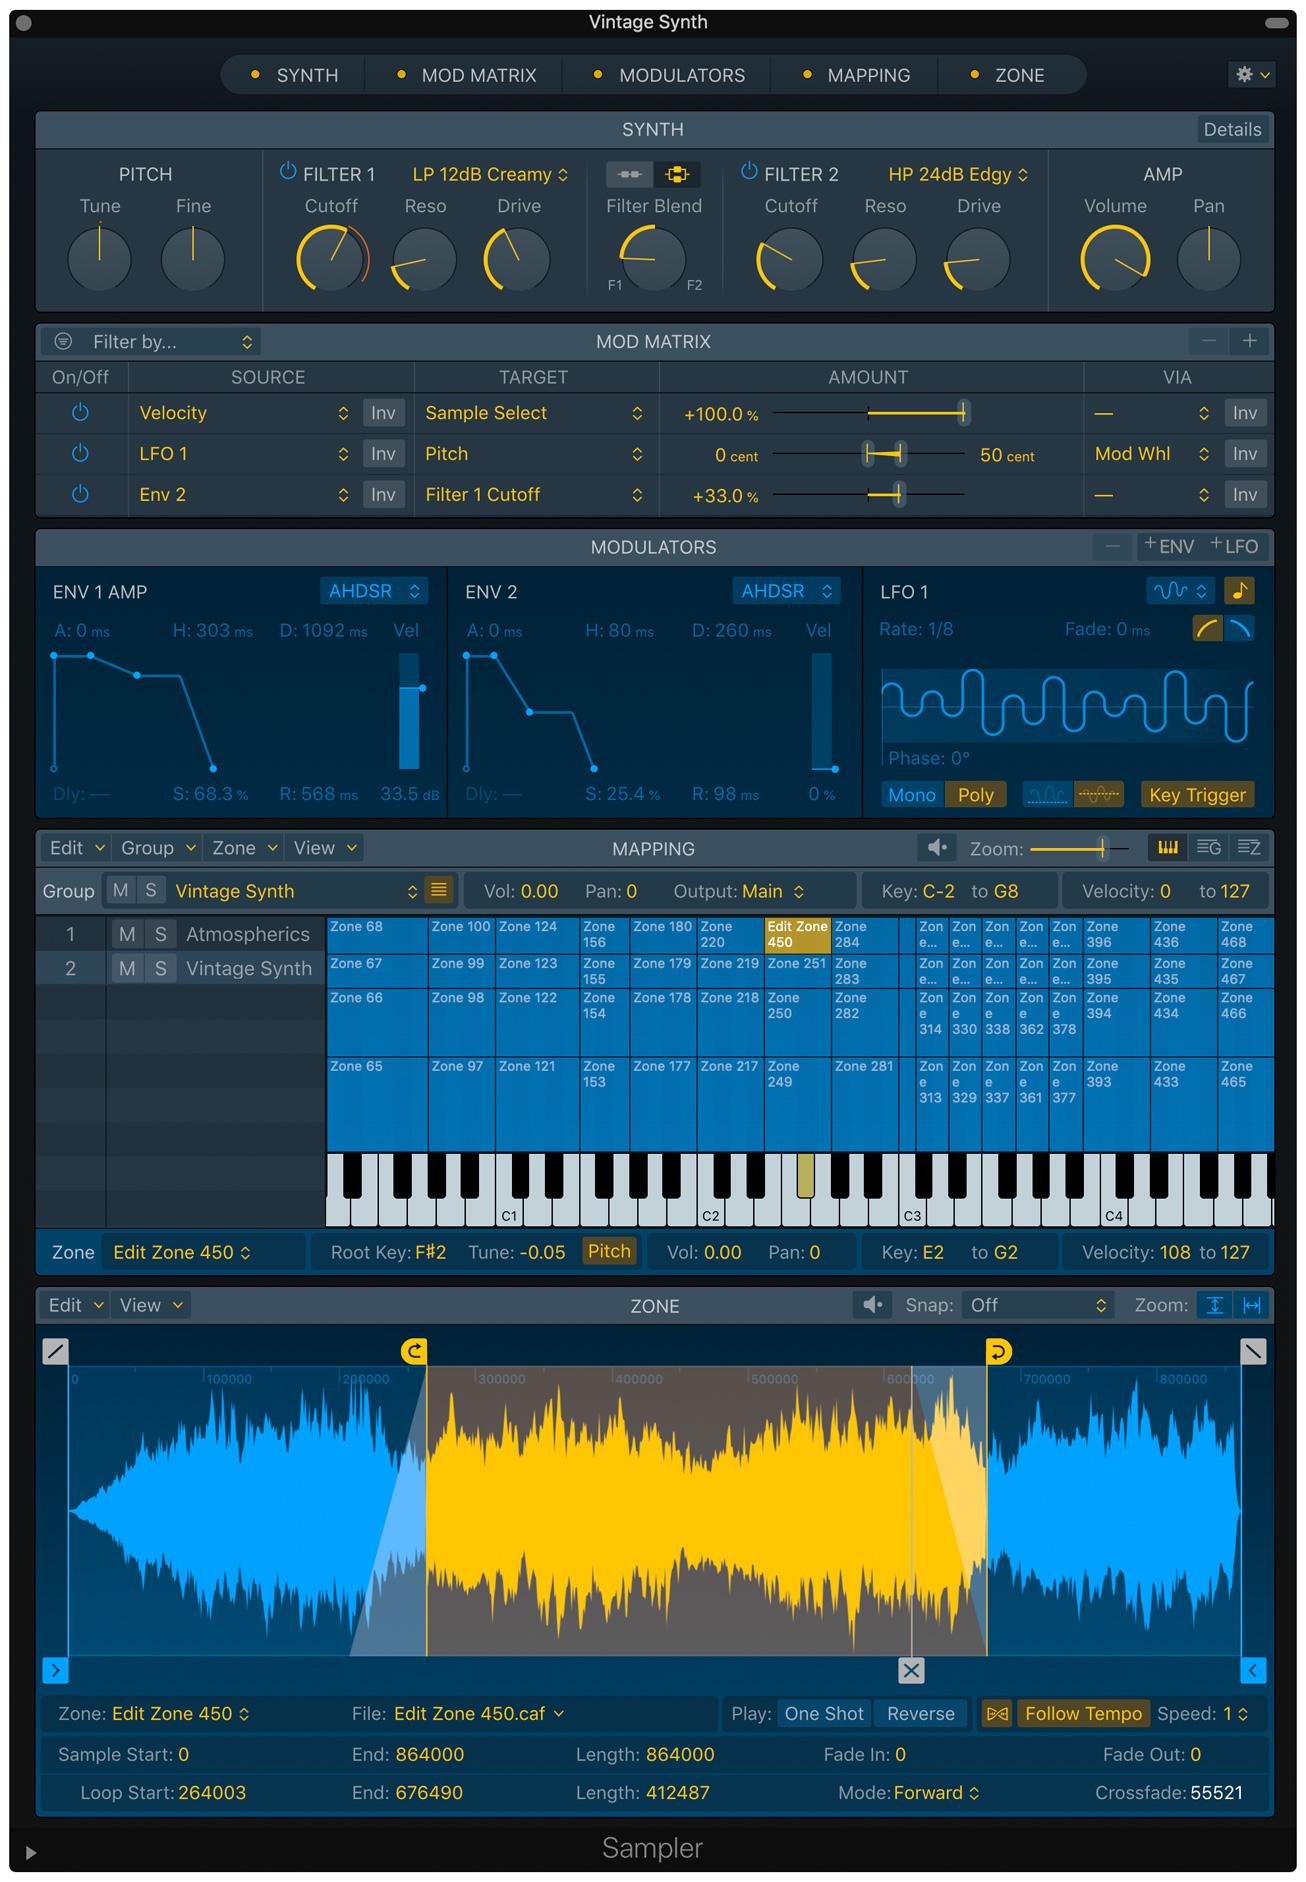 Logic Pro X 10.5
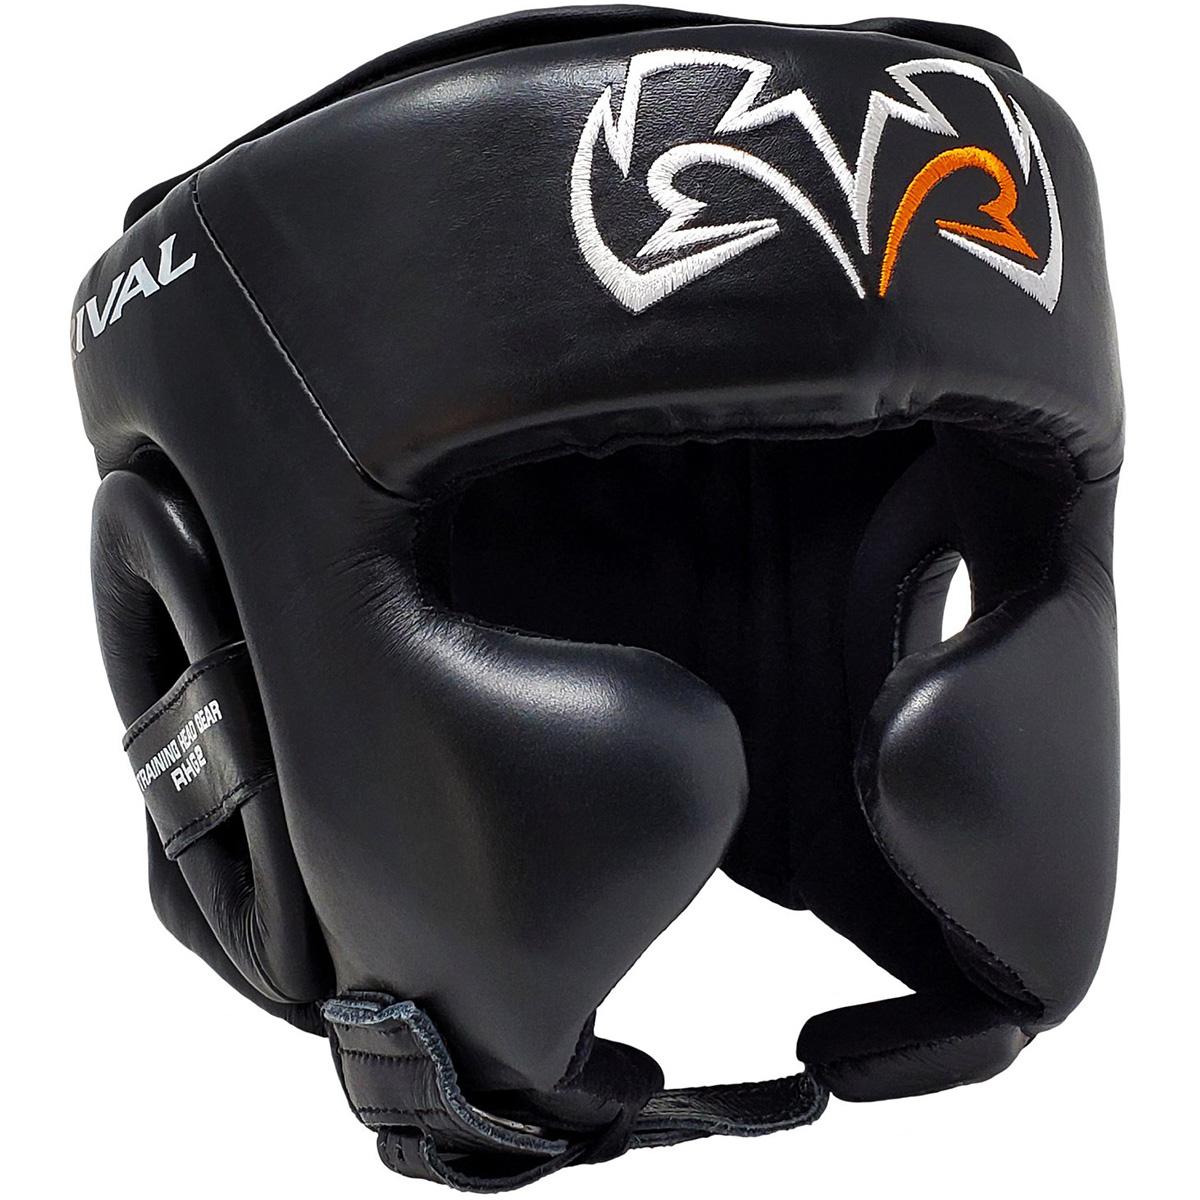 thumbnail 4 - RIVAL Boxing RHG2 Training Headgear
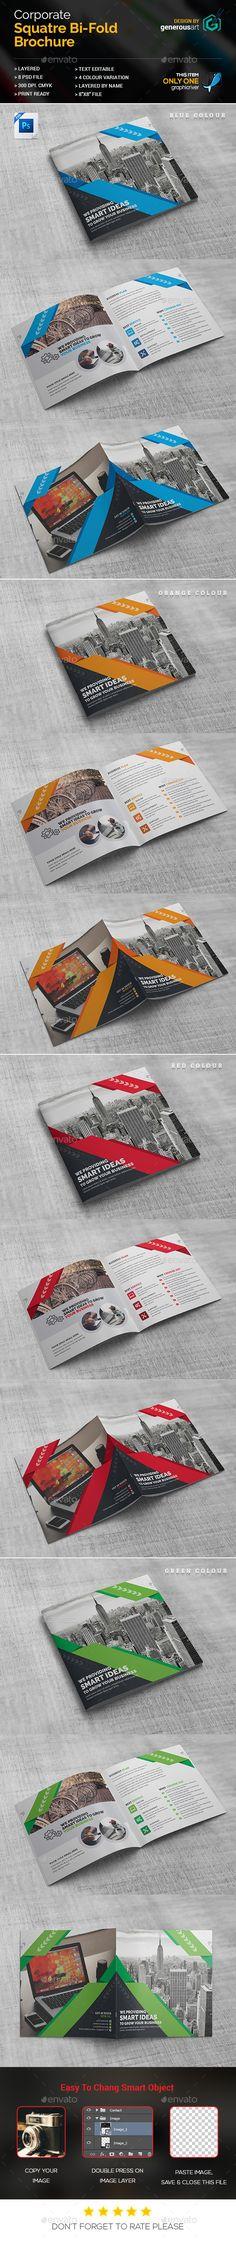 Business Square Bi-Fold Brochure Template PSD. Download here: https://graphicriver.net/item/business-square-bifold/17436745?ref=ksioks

# # # # #

Restate the whole of the material word for word without the pictures.

 Logic Pro X 10.5
 thumbnail 4 - RIVAL Boxing RHG2 Training Headgear
 Business Square Bi-Fold Brochure Template PSD. Download here: https://graphicriver.net/item/business-square-bifold/17436745?ref=ksioks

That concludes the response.